A new study indicates that immigrant workers have found jobs faster than their native-born counterparts after the economic downturn in 2008.

Between June 2009 and June 2010, the unemployment rate among native-born workers rose to 9.7 percent, from 9.2 percent. Among immigrants over the same period, the rate fell to 8.7 percent, from 9.3 percent, the Pew Hispanic Center report notes.

So what's going on?

For one thing, immigrants--legal and illegal--are more flexible during an economic downturn because they are more willing to move to where jobs are, policy analyst Aaron Terrazas of the Migration Policy Institute tells The Upshot. Because illegal immigrants don't qualify for unemployment insurance, they often have no choice but to get another job, even if it's very low paid, part time or otherwise undesirable. Immigrants "tend to respond more quickly to mismatches in the economy" than native workers do, Terrazas says.

This flexibility explains why median immigrant pay has plunged 4.5 percent from 2009 to 2010, while native-born workers' wages have remained flat.

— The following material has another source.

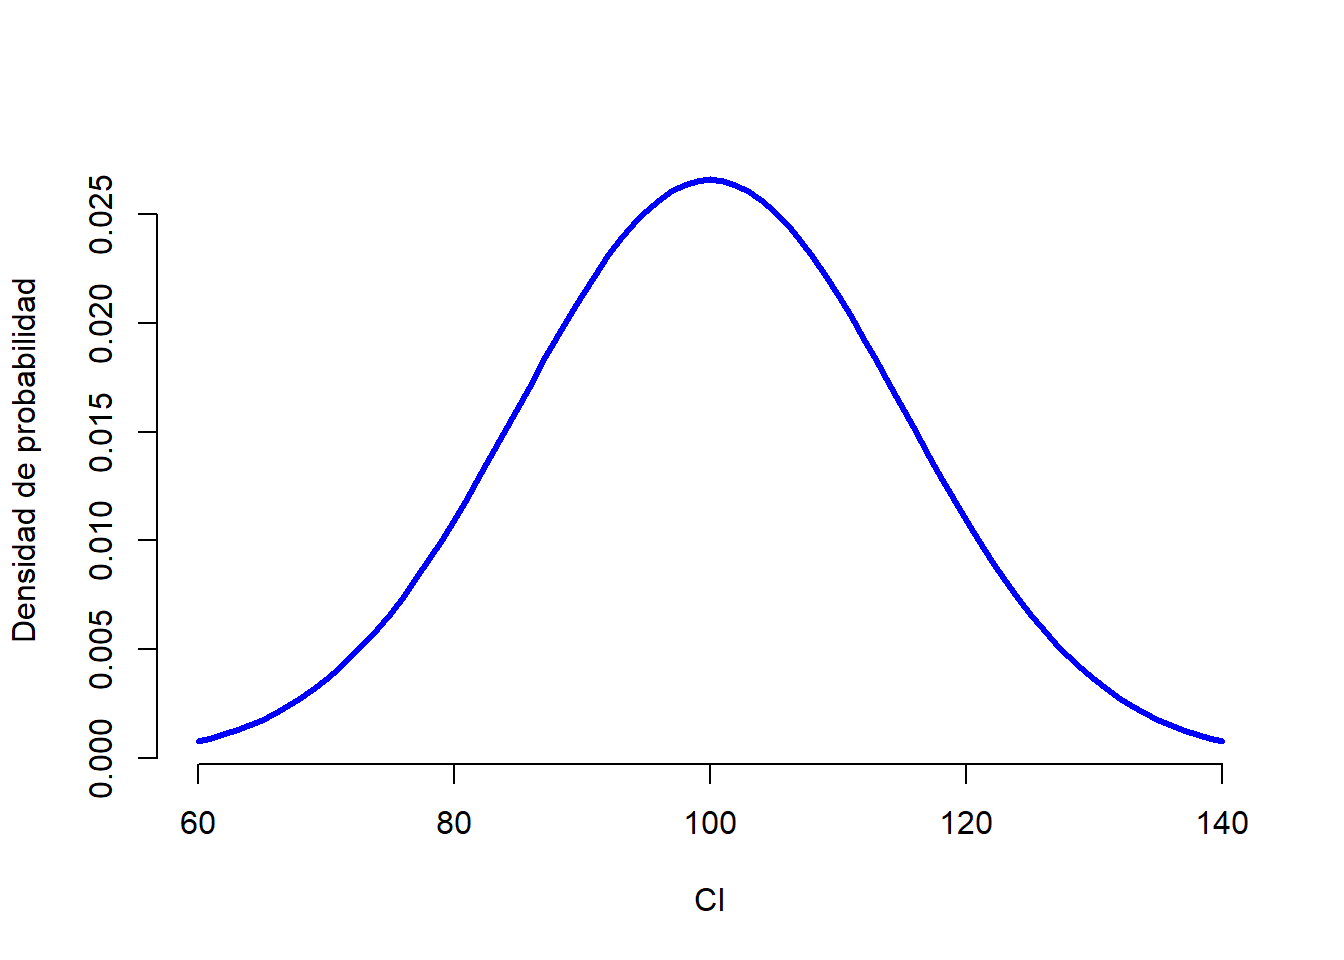 Distribución poblacional de los puntajes de CI.
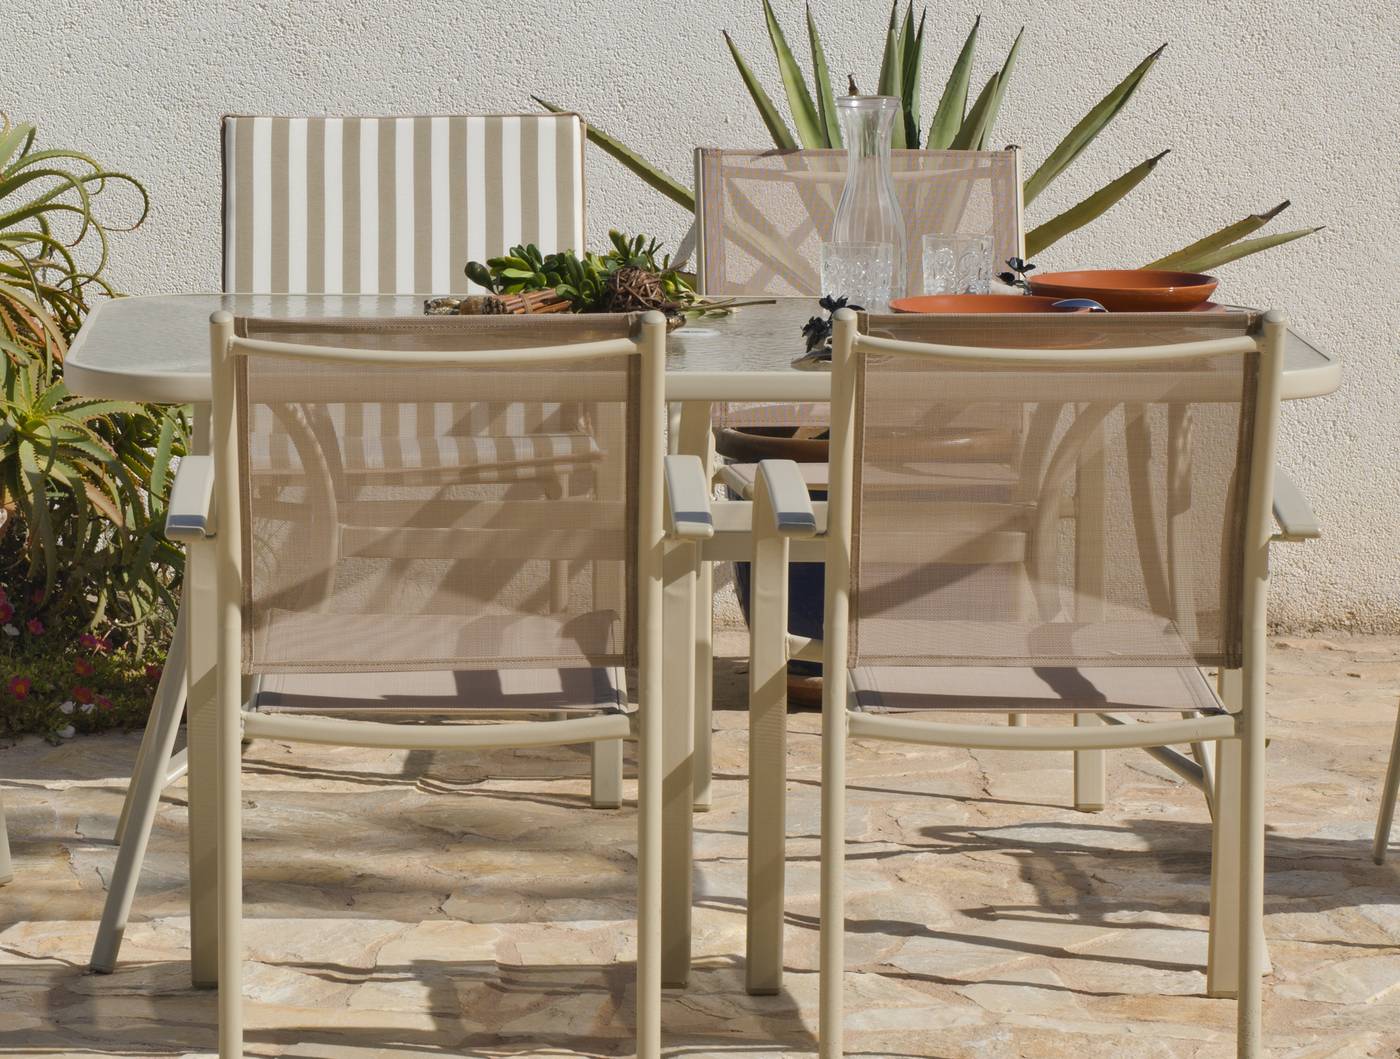 Conjunto Acero Castilla 150-4 - Conjunto de acero color champagne: mesa rectangular de 150 cm, con tablero de cristal templado + 4 sillones de acero y textilen

Recessions also tend to hit immigrants before they hit native-born workers, so job losses fell on the immigrant community as early as 2007. Native-born workers did not begin feeling the effects until fall 2008.

Though illegal immigration has been falling since 2005, the report may become a talking point among politicians who advocate stricter controls on immigration. Terrazas says politicians have not picked up on the slowdown in illegal and legal immigration as the economy at large has faltered. (Read more about how the recession sparked a global crackdown on immigrants.)

Michael Lind of the nonpartisan New America Foundation think tank says the report may be used to stoke anti-immigrant sentiment. The Pew study debunks the frequent contention that illegal immigrants take jobs that Americans don't want--like seasonal fruit picking on a farm, for example. Pew researchers found that immigrants have been gaining jobs in the education and health care sectors.

"If the foreign-born are making gains in health care and education, then a much stronger case can be made that they're competing with American workers," Lind says.

The report also shows that native-born workers need to become flexible in order to bounce back from the recession, Lind argues. Because unemployment benefits are state-based, laid-off workers often cannot move to better job markets in the same way that nonqualifying immigrants can.